* **Your task**: Excluding pictures, transcribe precisely the lines from the one containing "美的不可方物少女时代的户田惠梨香写真作品 (51)" to the final line of the listing below, inclusive, and nothing more.

* **Material provided**:

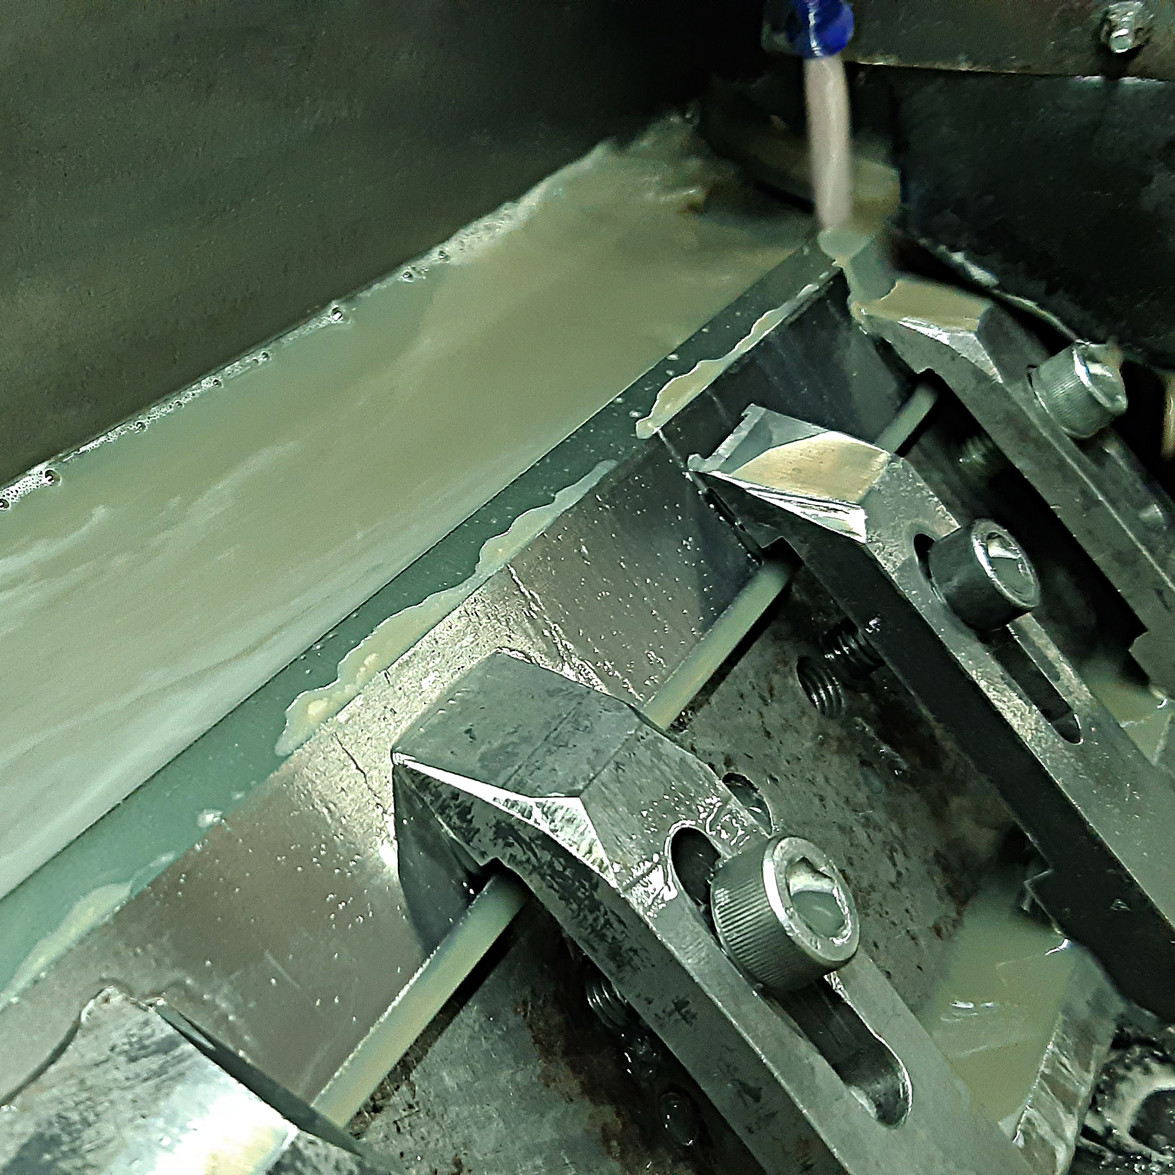 Заточка фуговальных (строгальных) ножей для фуганков и рейсмусов на станках с ЧПУ
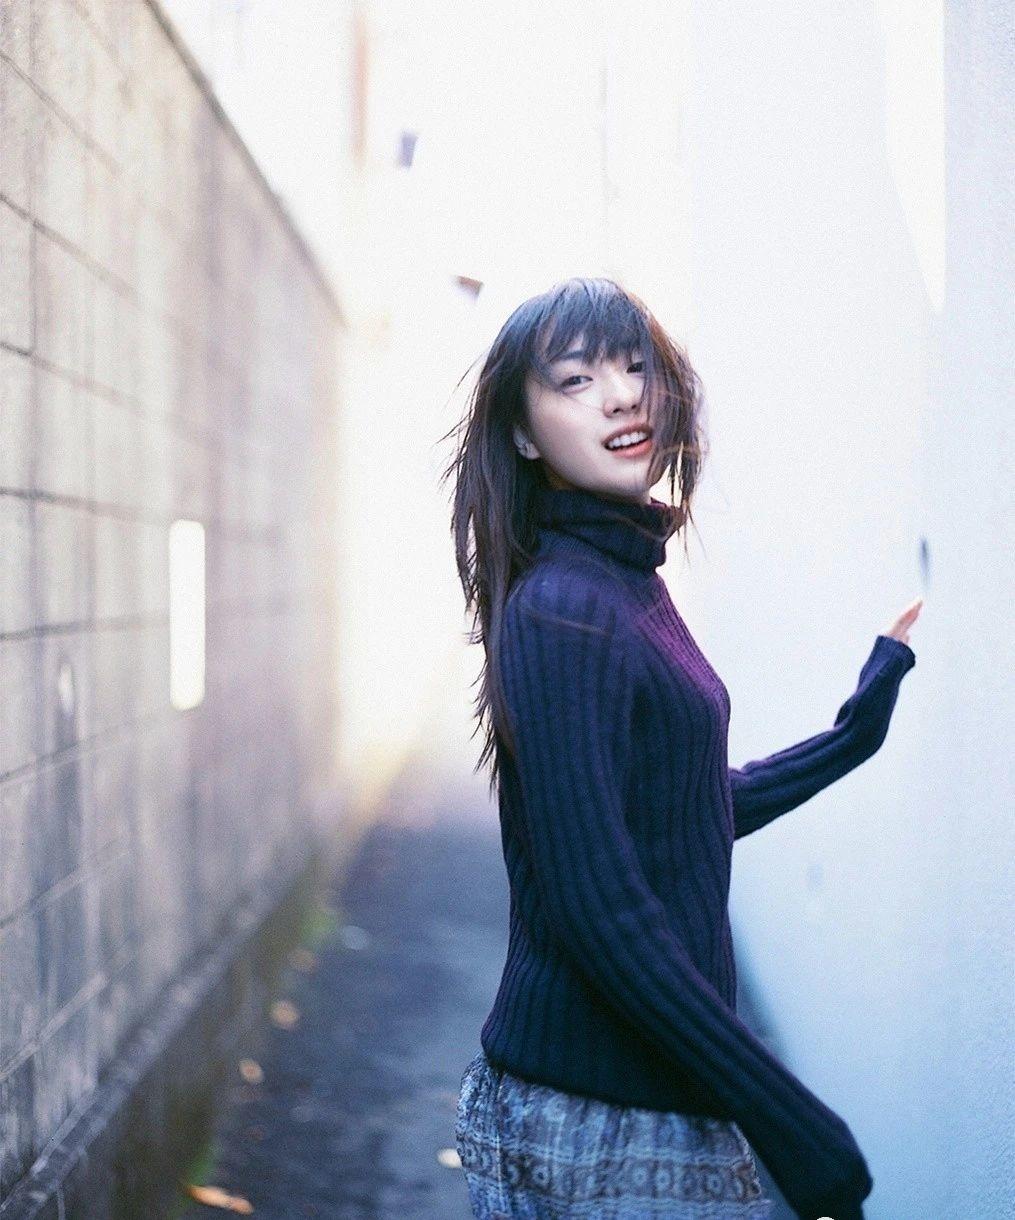 美的不可方物少女时代的户田惠梨香写真作品 (51)
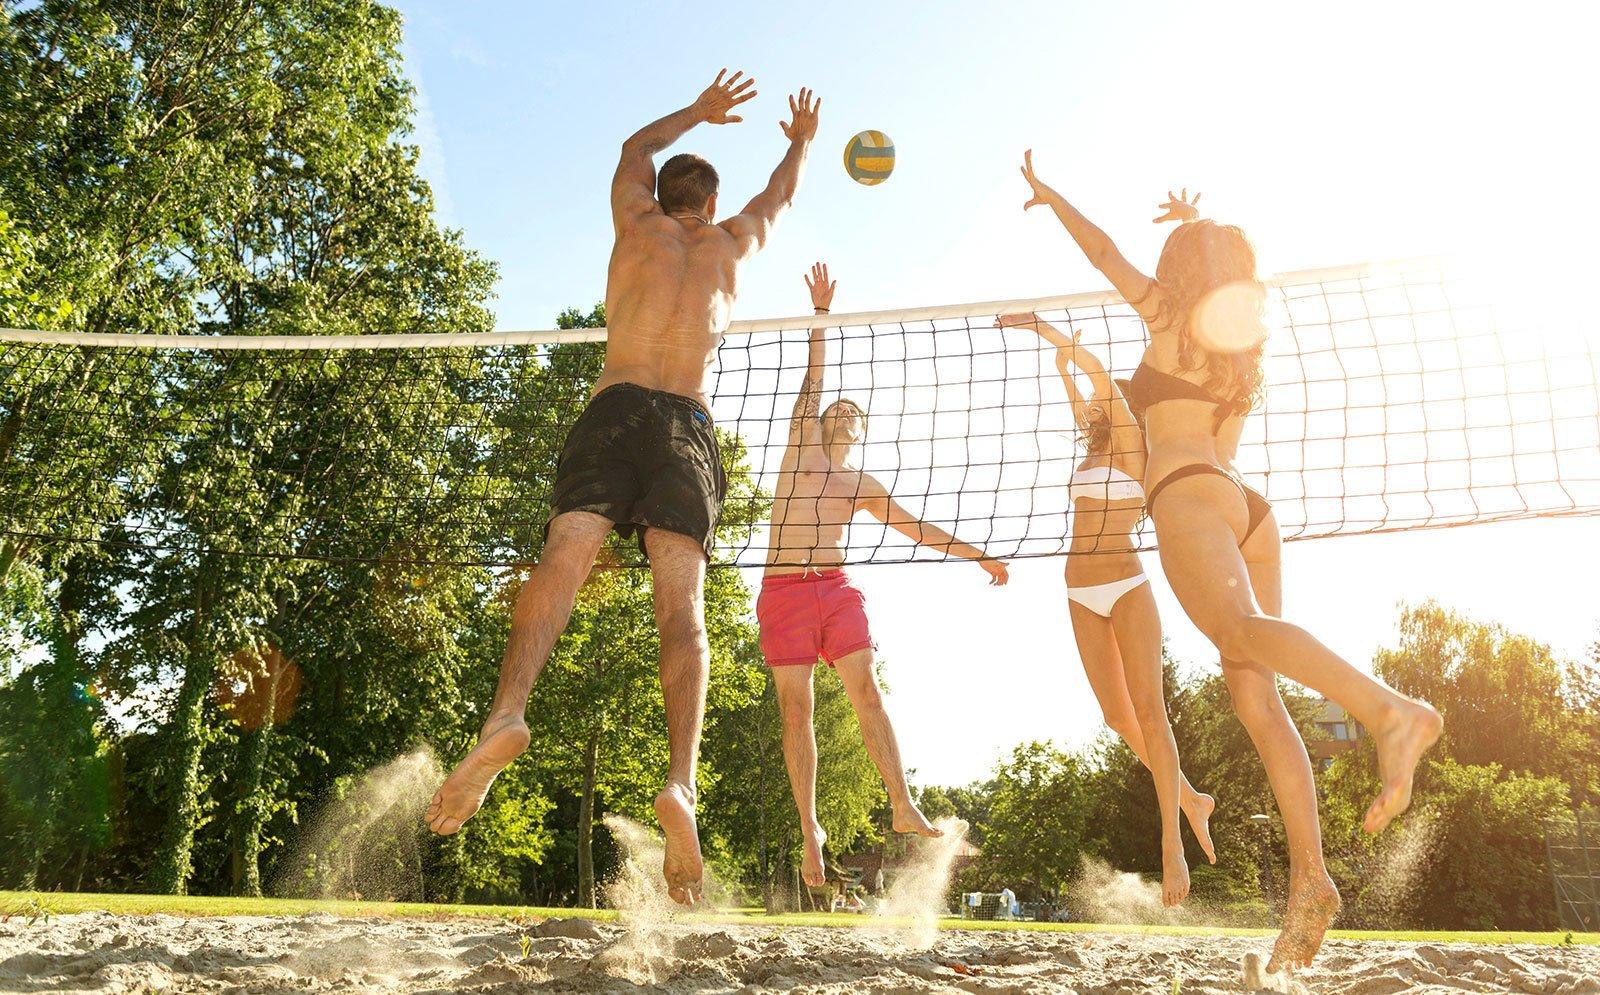 Пляжный волейбол: что это, правила и различия с традиционным

* **Written response**:
 美的不可方物少女时代的户田惠梨香写真作品 (51)
 Пляжный волейбол: что это, правила и различия с традиционным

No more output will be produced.